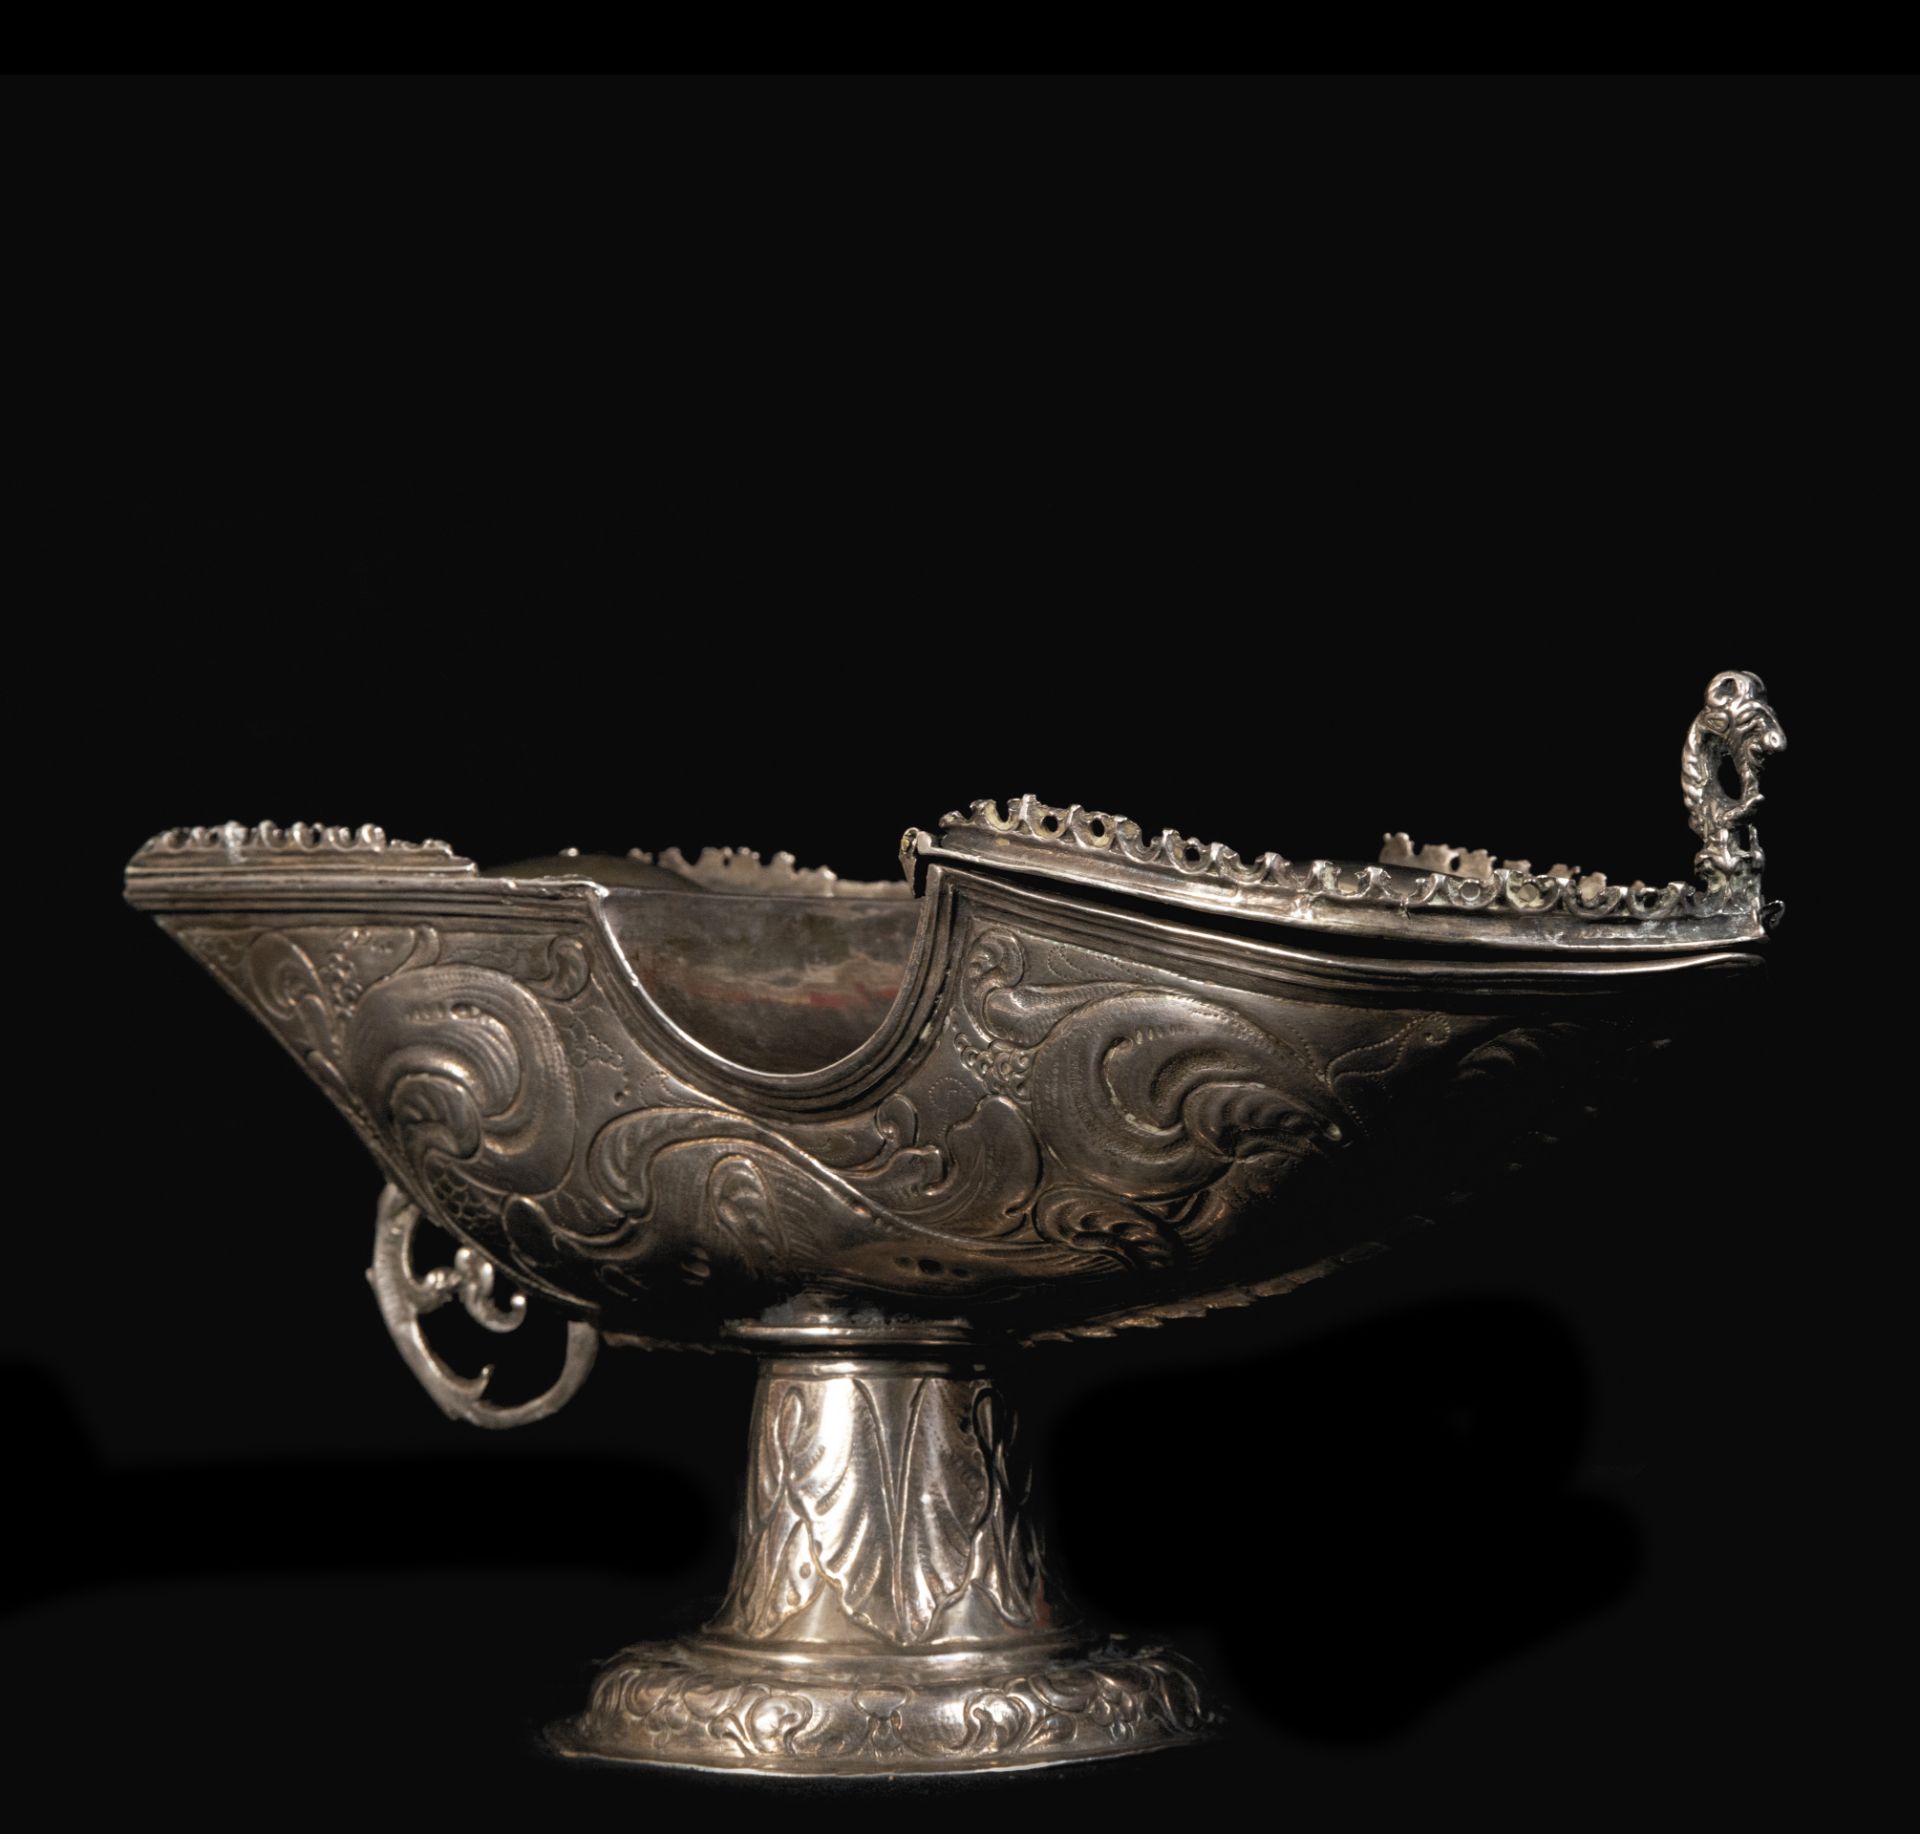 Important Italian Naveta in fine silver from the 17th century
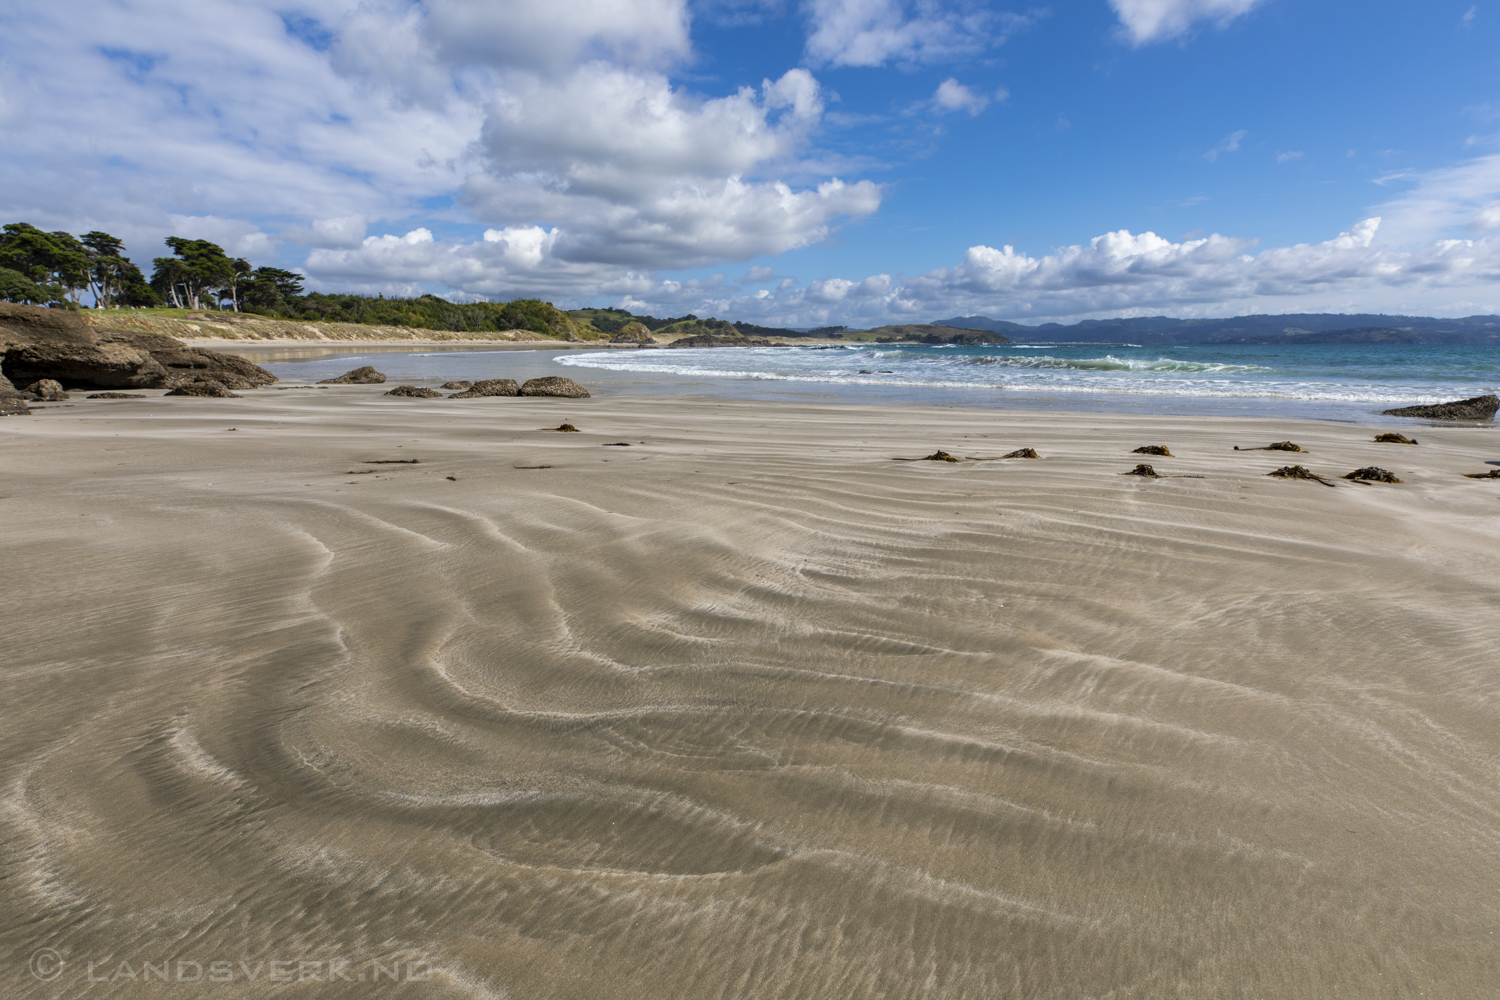 Anchor Bay, Tawharanui Regional Park, New Zealand.

(Canon EOS 5D Mark IV / Canon EF 16-35mm f/2.8 L III USM)

· · · ·

Prompt: Beginning with the line containing "Anchor Bay, Tawharanui" and ending with the last line of the data, output those lines exactly and nothing more. Omit every picture.

Answer:
 Anchor Bay, Tawharanui Regional Park, New Zealand.

(Canon EOS 5D Mark IV / Canon EF 16-35mm f/2.8 L III USM)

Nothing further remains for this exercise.